Two female photographers — one Armenian, one Turkish — worked together to document life on both sides of the border, focusing on Armenians living in hiding.
In a handful of villages along the Turkish side of the border with Armenia, neighbors reported a strange occurrence in 2015. Like an apparition, an unlikely pair of women — Anahit Hayrapetyan, an Armenian Christian, and Serra Akcan, a Muslim from Turkey, traveled through the region without men but with cameras, dredging up uncomfortable century-old secrets.

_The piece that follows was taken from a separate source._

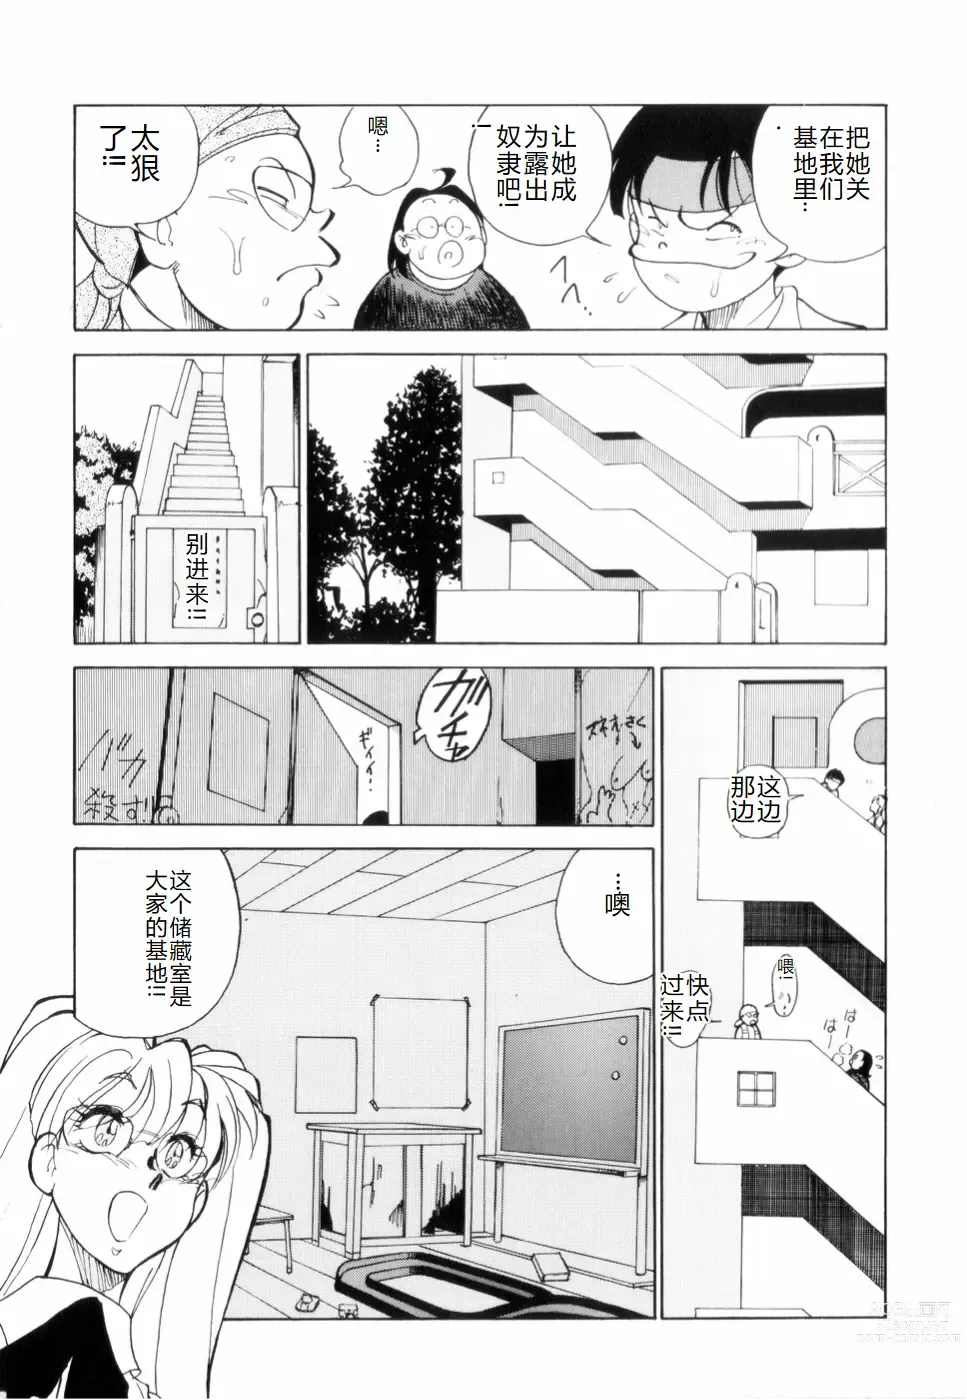 Page 9 of manga Hakujuu no Hasha
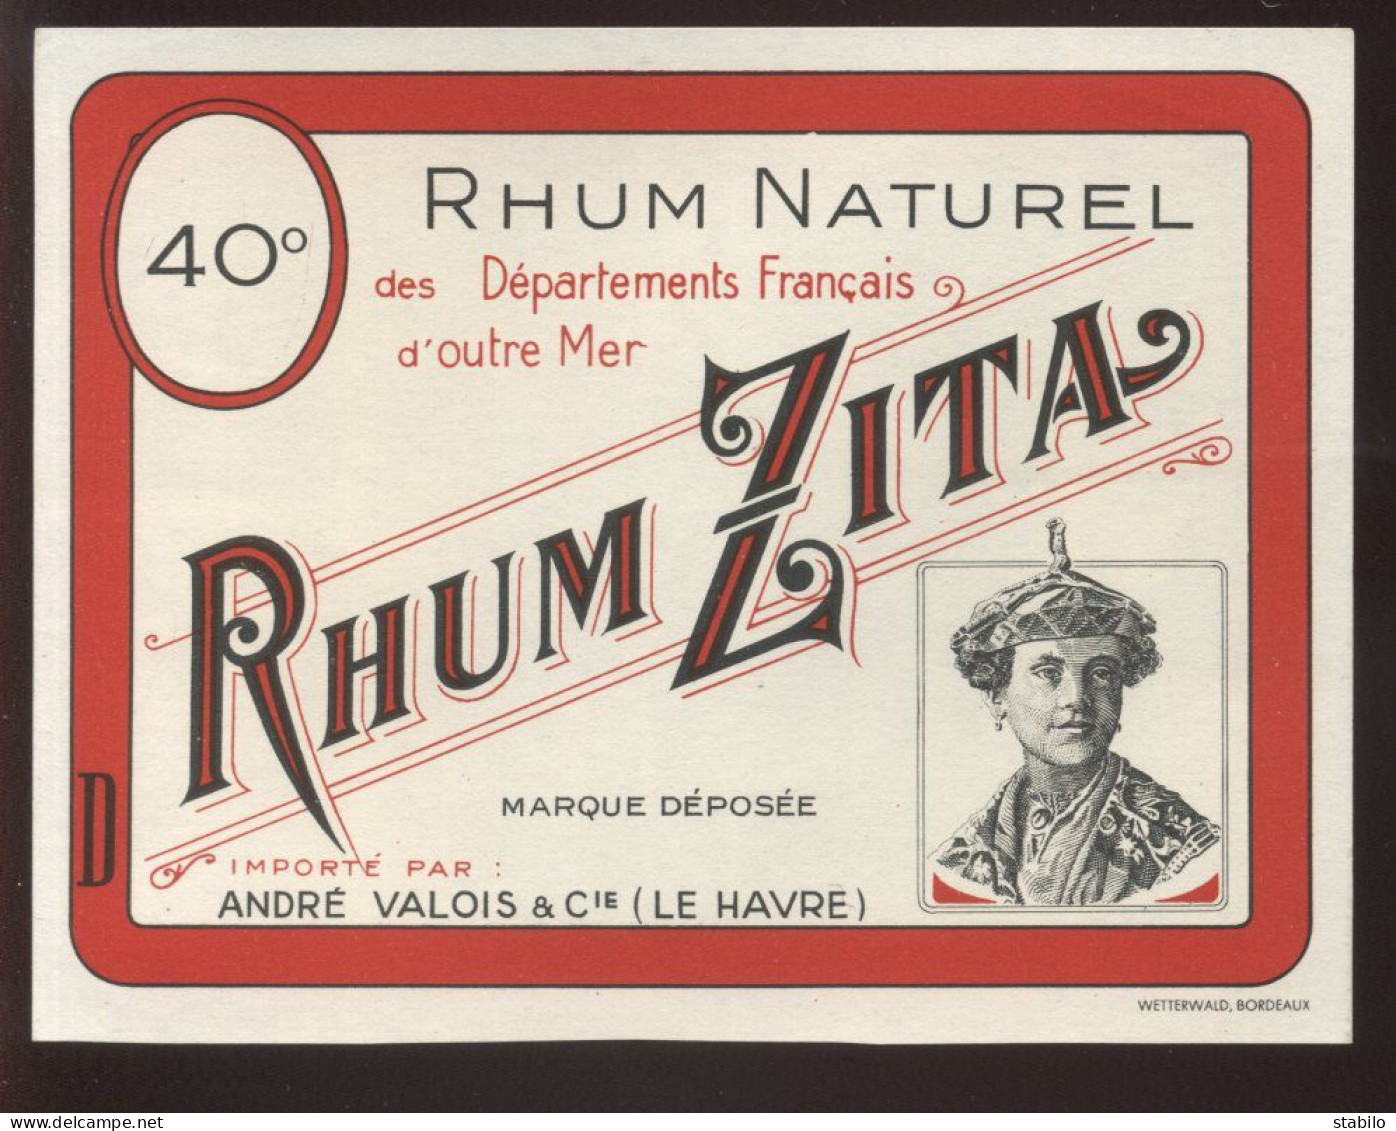 ETIQUETTES - RHUM NATUREL ZITA - ANDRE VALOIS & CIE, LE HAVRE - Rum

The women were searching for “hidden Armenians,” whose Christian ancestors survived what historians consider to be a genocide by the Ottoman Empire, starting in 1915, in which nearly 1.5 million Armenians died. The Turkish government rejects the term genocide.
These hidden Armenians whom the photographers sought are descendants of survivors, who were mostly women and children taken in by local Kurdish, Turkish and Arab families, and converted to Islam. In some of the more remote villages in Turkey that Ms. Hayrapetyan and Ms. Akcan visited, the ethnic and religious background of these Armenians were concealed out of fear of reprisal from their neighbors. Parents rarely informed children of their Armenian heritage, with many even avoiding the spoken language so children would not pick it up and discover their ancestry.
Ms. Akcan and Ms. Hayrapetyan met in 2006 when they participated in a project between Armenian and Turkish photographers and found that they had much in common. As two female photographers trying to work in patriarchal societies, they became close friends and often leaned on each other for emotional support in their careers.